_Input data_.
★ ★ ★ ★ ★ ★ ★
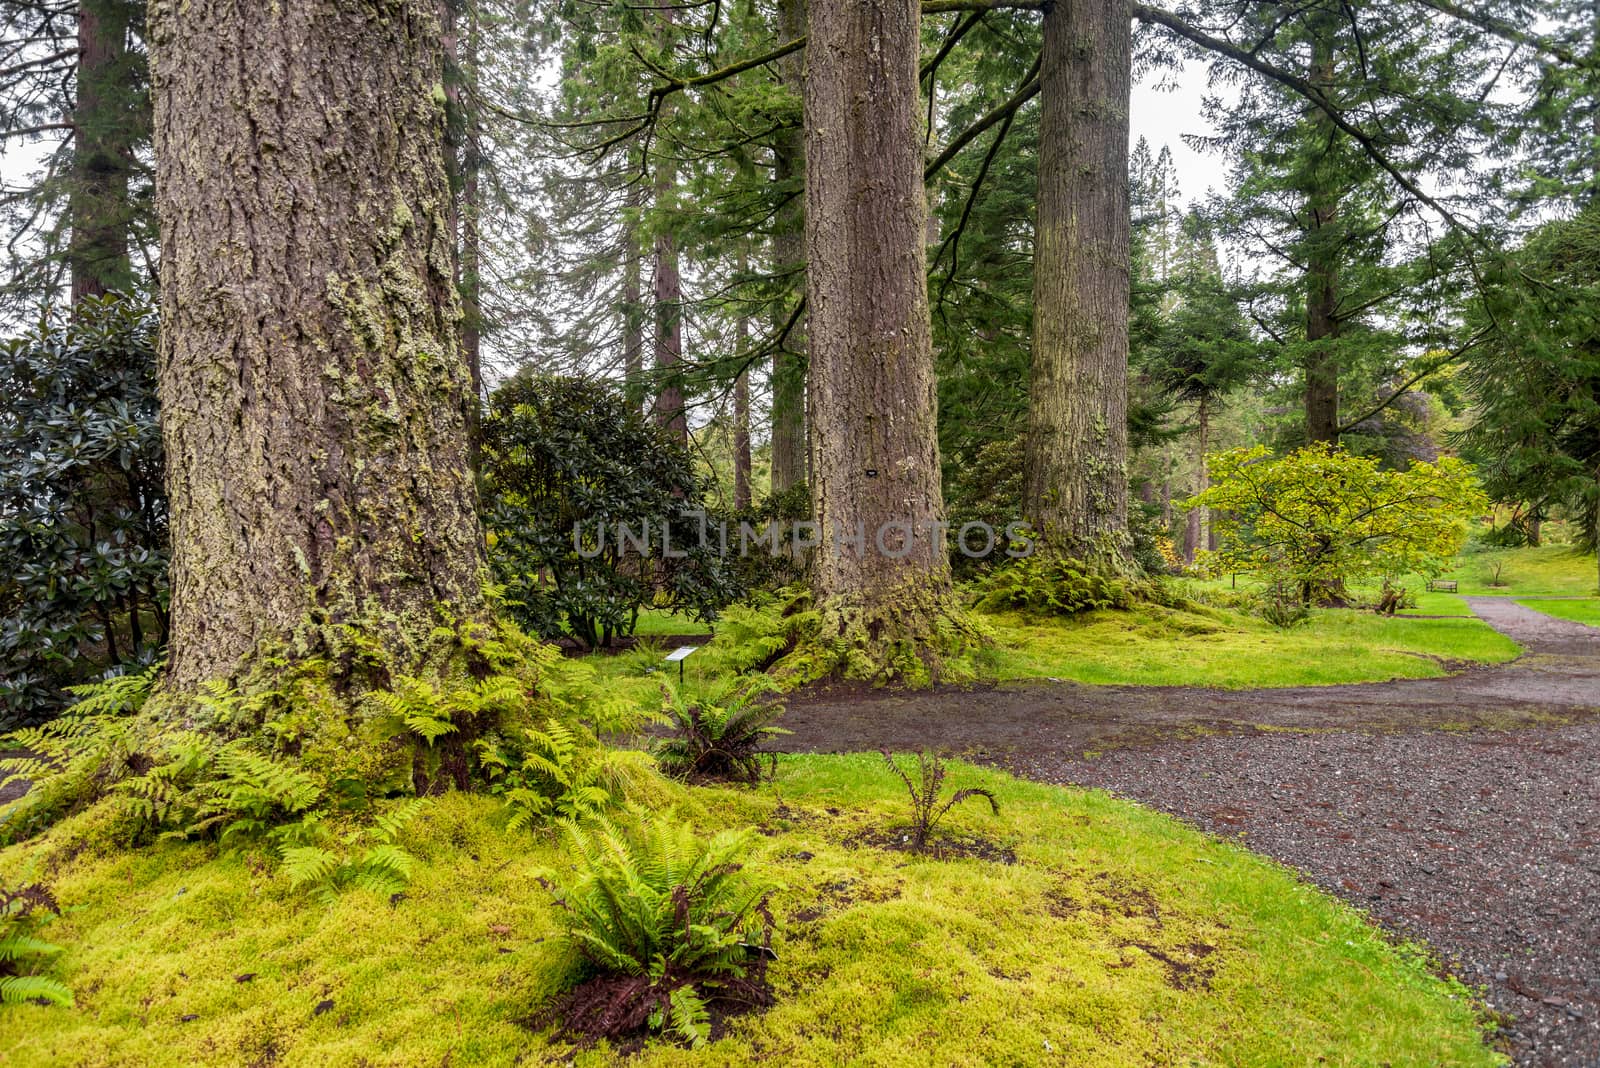 Redwood avenue at the entrance to Benmore Botanic Garden, Loch Lomond and the Trossachs National Park, Scotland
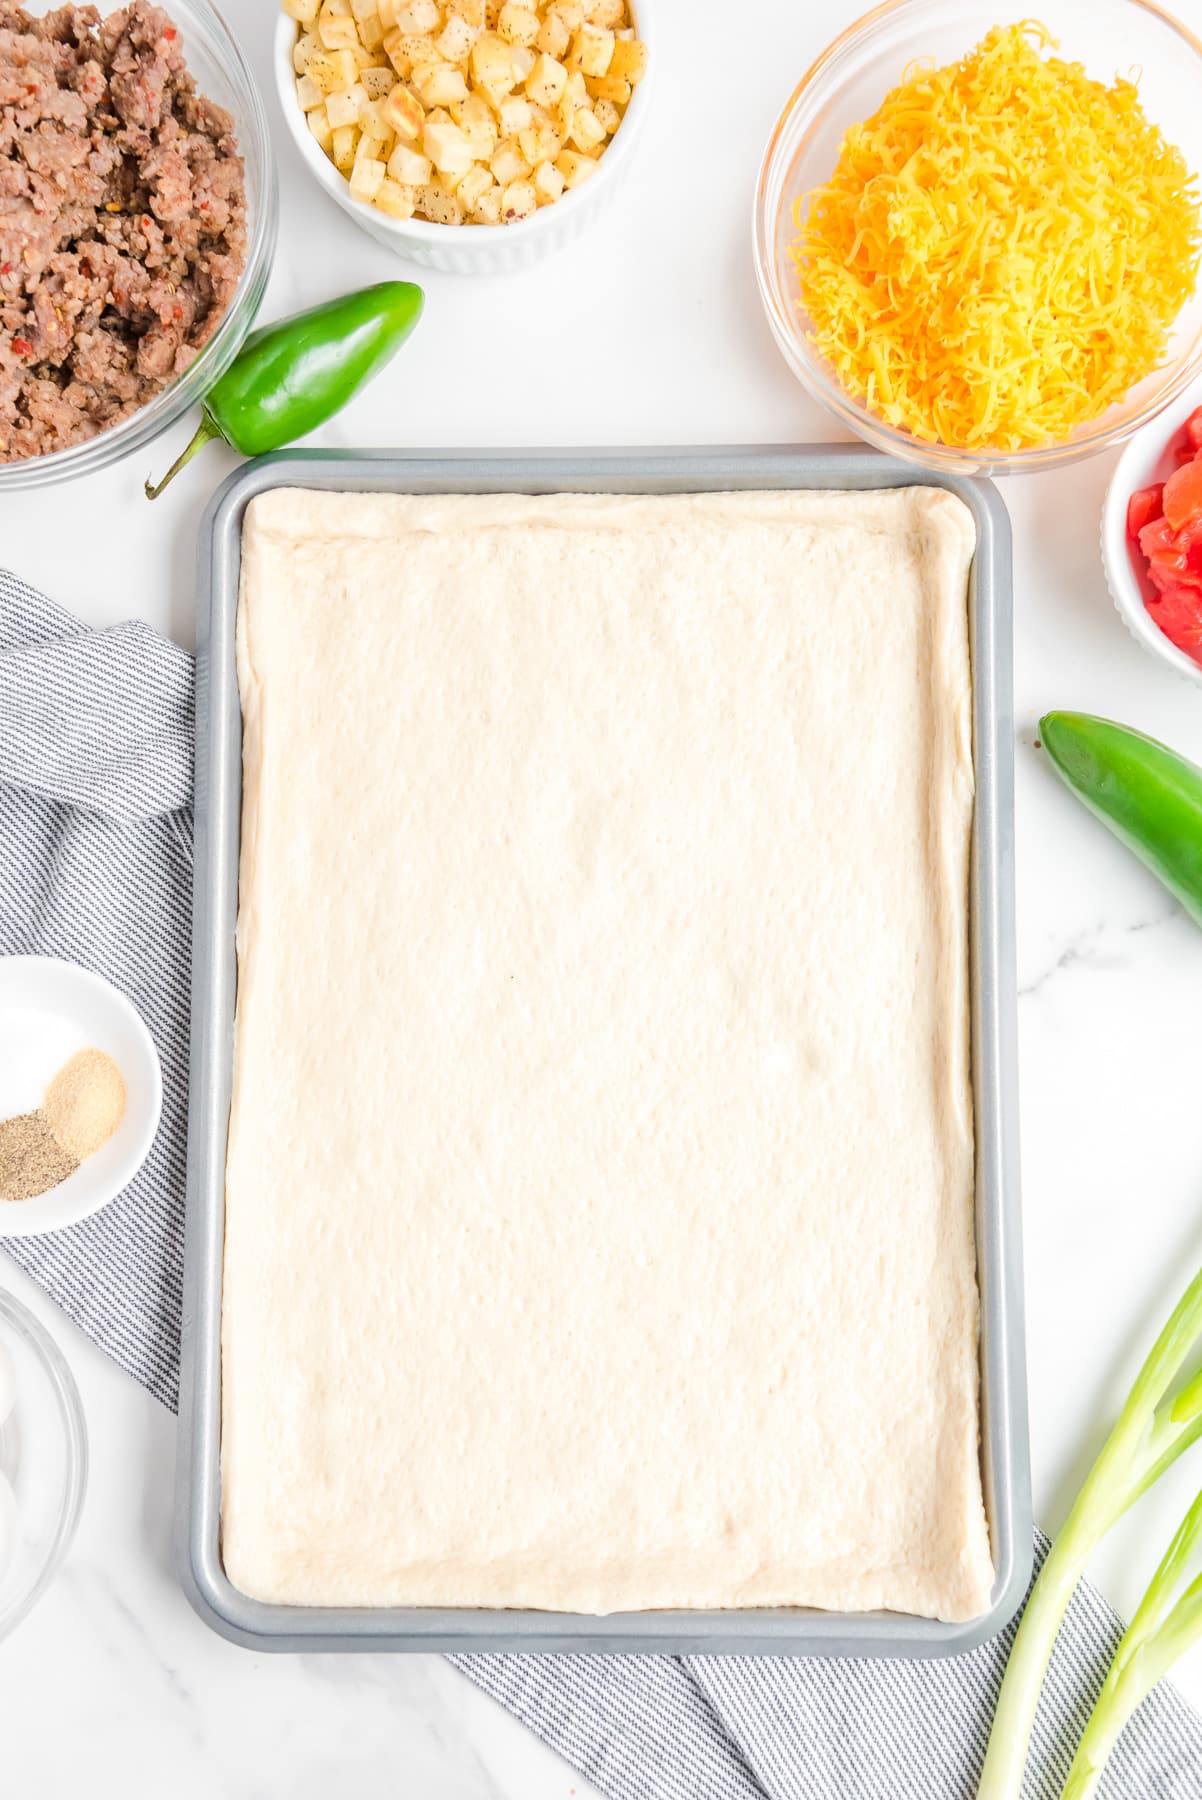 Pizza dough stretched over a baking sheet to make a rectangular pizza from above with bowls of other pizza ingredients nearby.
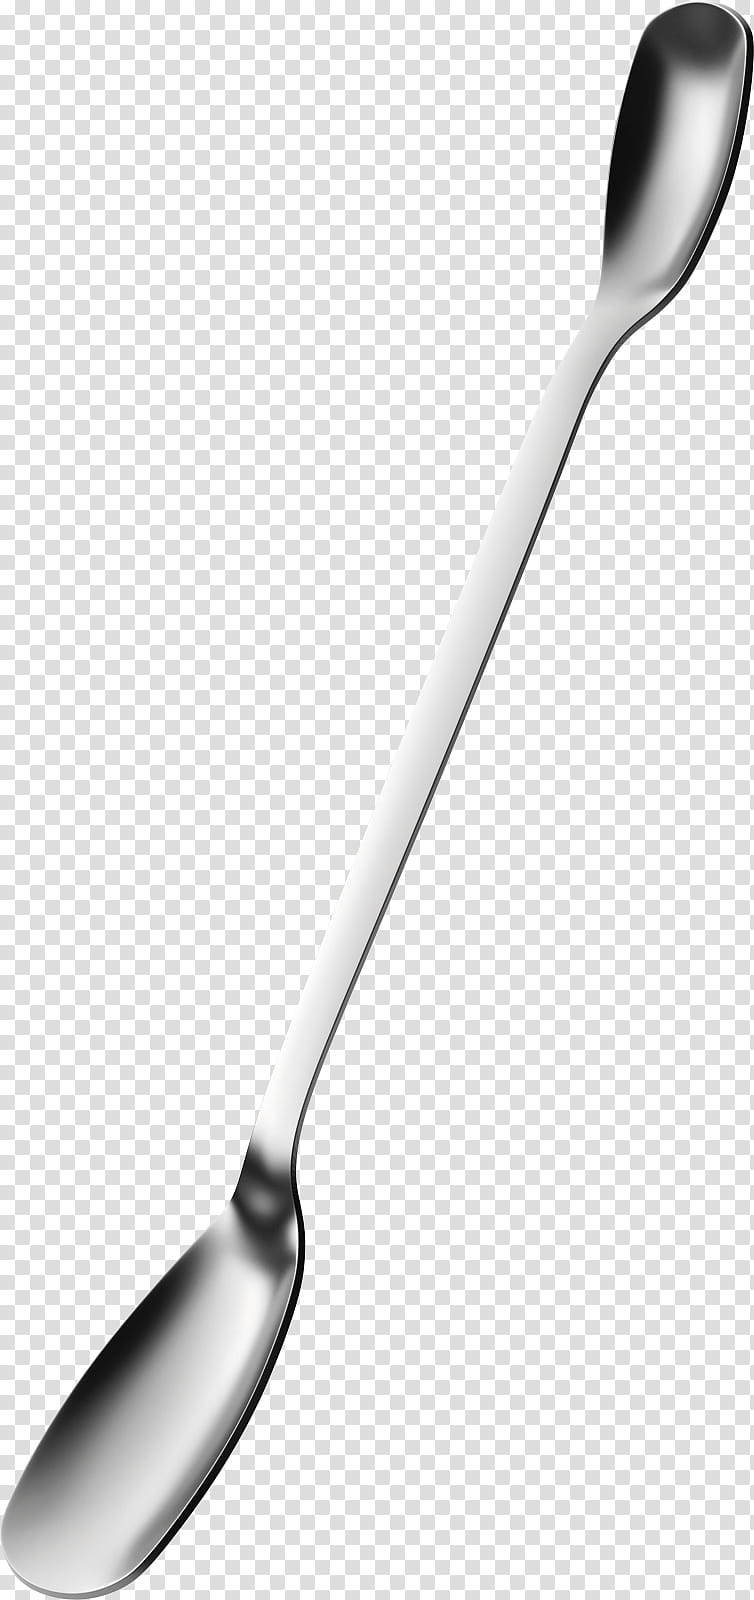 Kitchen, Spoon, Solingen, Teaspoon, Measuring Spoon, Carl Mertens, Tablespoon, Cutlery transparent background PNG clipart
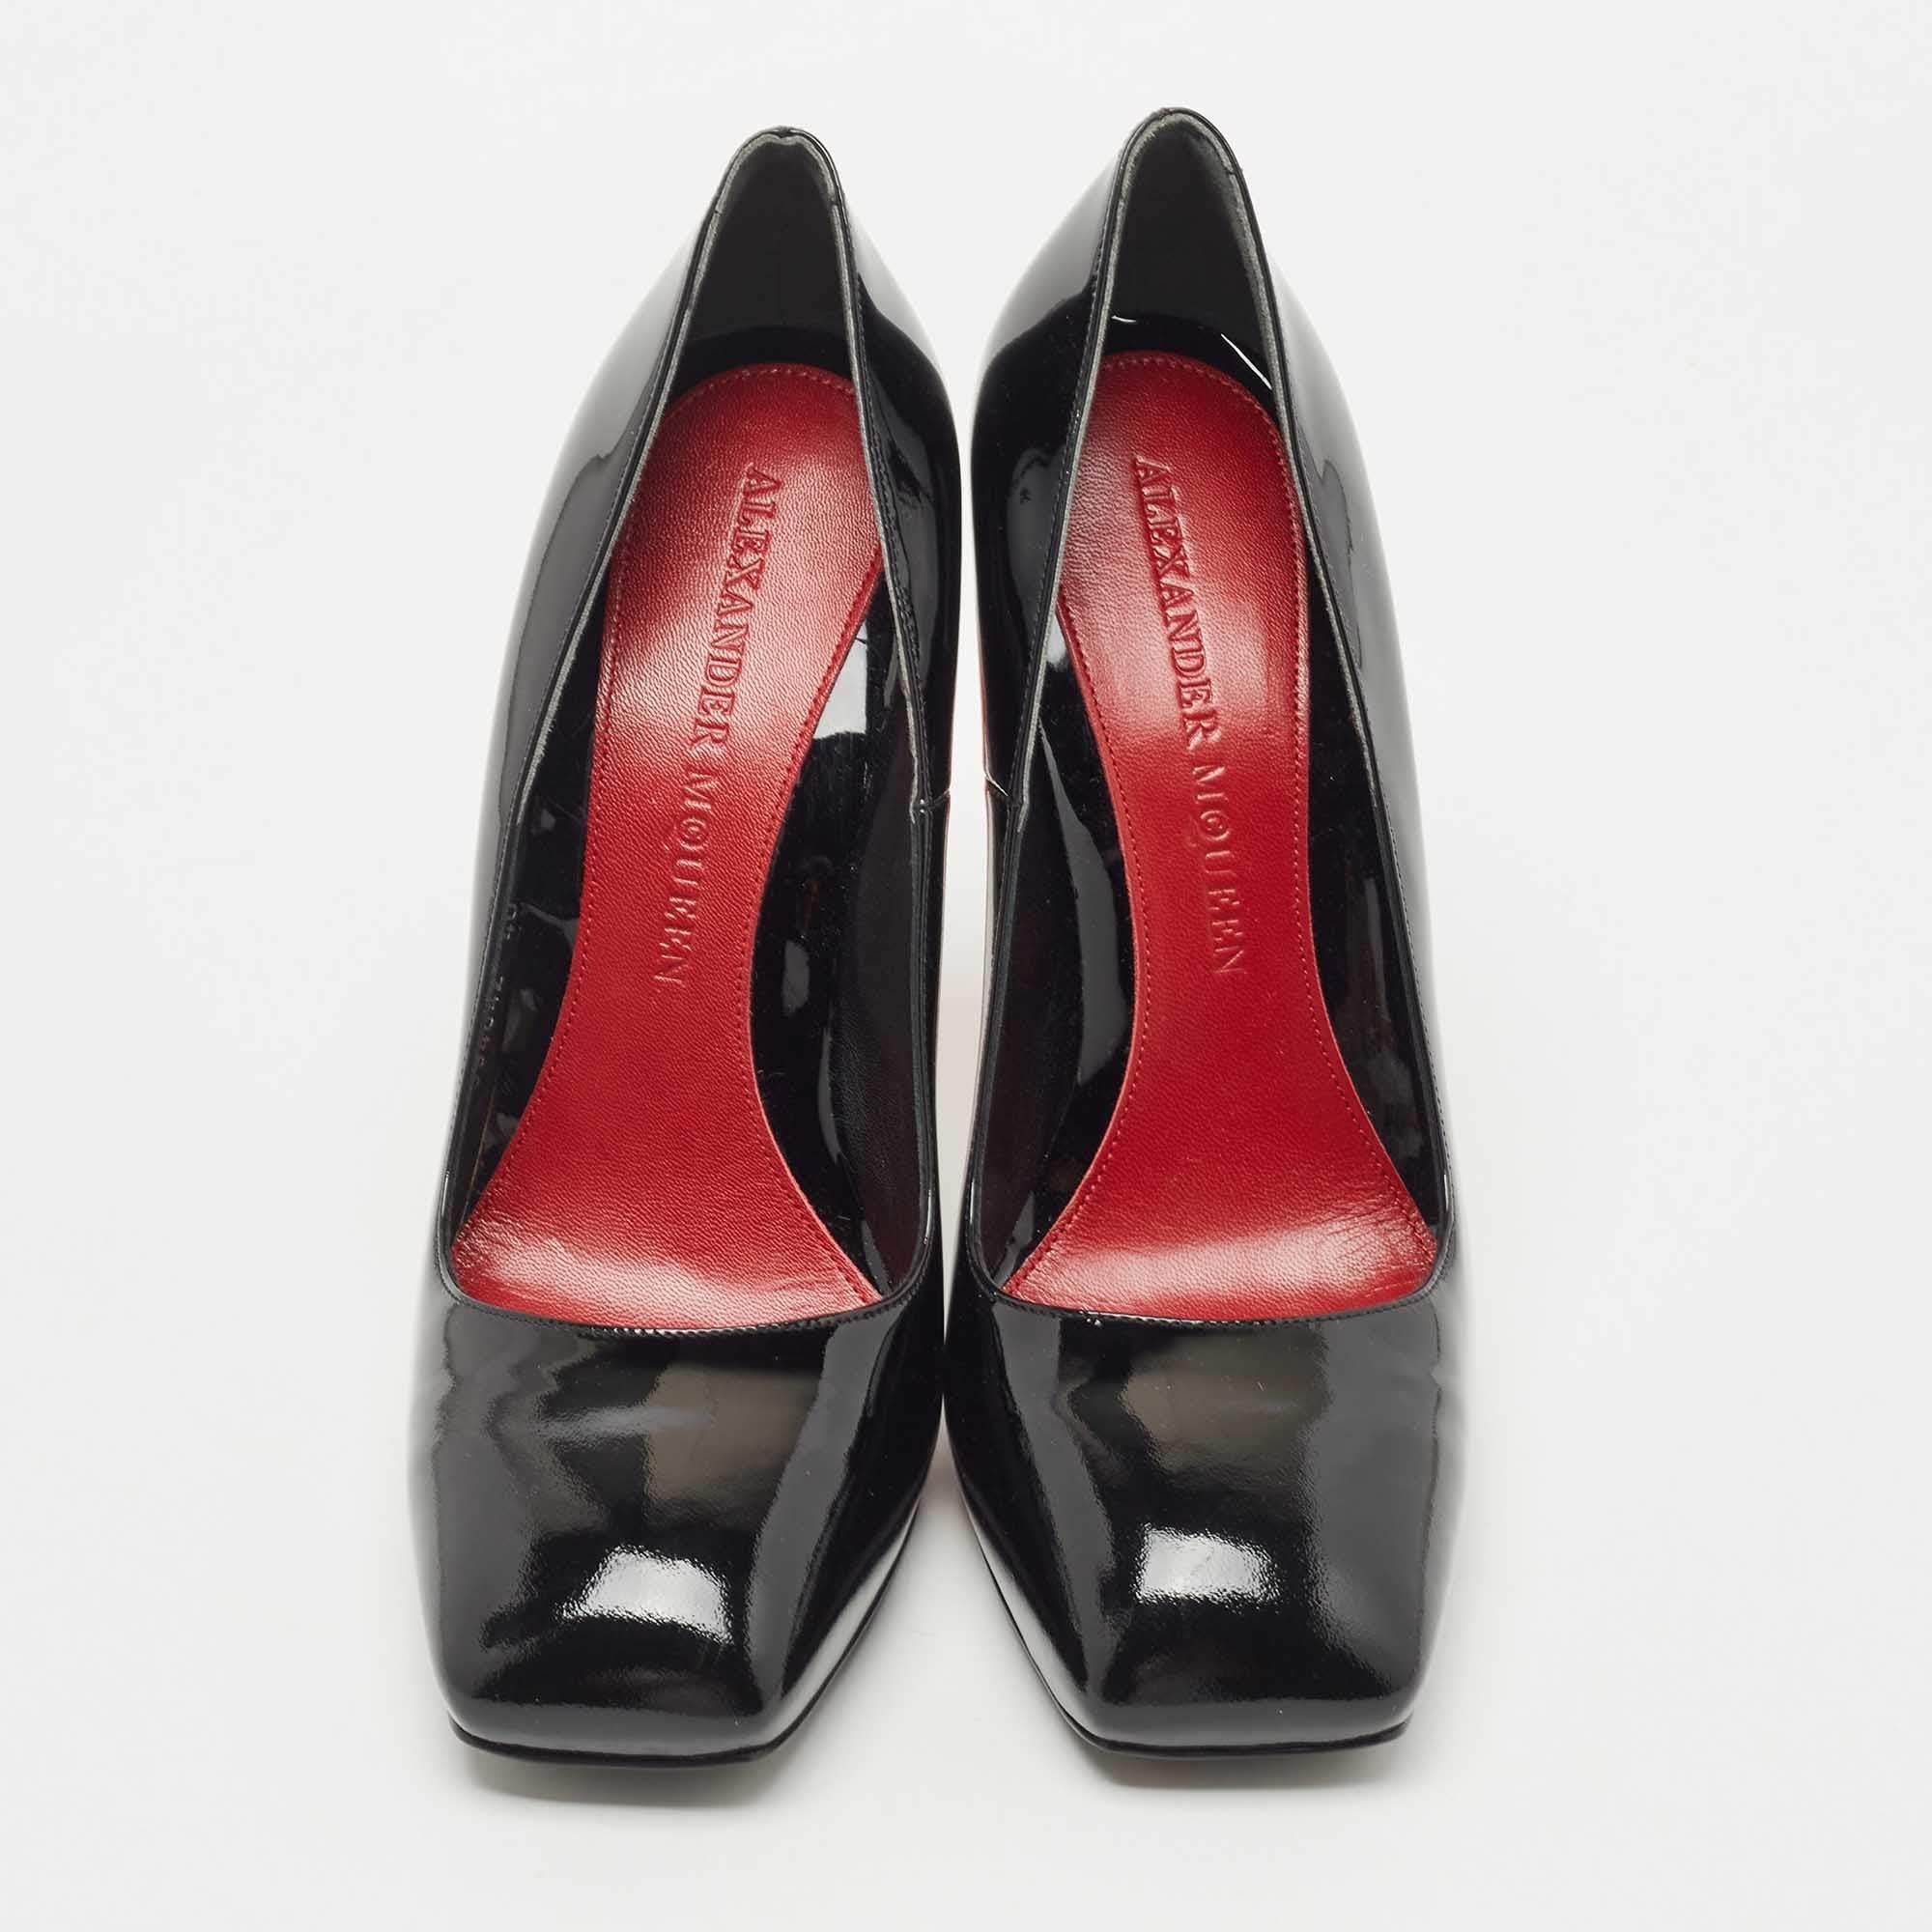 Exhibit an elegant style with this pair of pumps. These elegant shoes are crafted from quality materials. They are set on durable soles and sleek heels.

Includes: Original Box, Extra Heel Tips
★ ★ ★ ★ ★ ★ ★
_Directions for this task_.
Line by line, restate the data above exactly as it stands, minus the pictures.

_Solution to the exercise_.
 Redwood avenue at the entrance to Benmore Botanic Garden, Loch Lomond and the Trossachs National Park, Scotland
 Pizza dough stretched over a baking sheet to make a rectangular pizza from above with bowls of other pizza ingredients nearby.
 Kitchen, Spoon, Solingen, Teaspoon, Measuring Spoon, Carl Mertens, Tablespoon, Cutlery transparent background PNG clipart
 Exhibit an elegant style with this pair of pumps. These elegant shoes are crafted from quality materials. They are set on durable soles and sleek heels.

Includes: Original Box, Extra Heel Tips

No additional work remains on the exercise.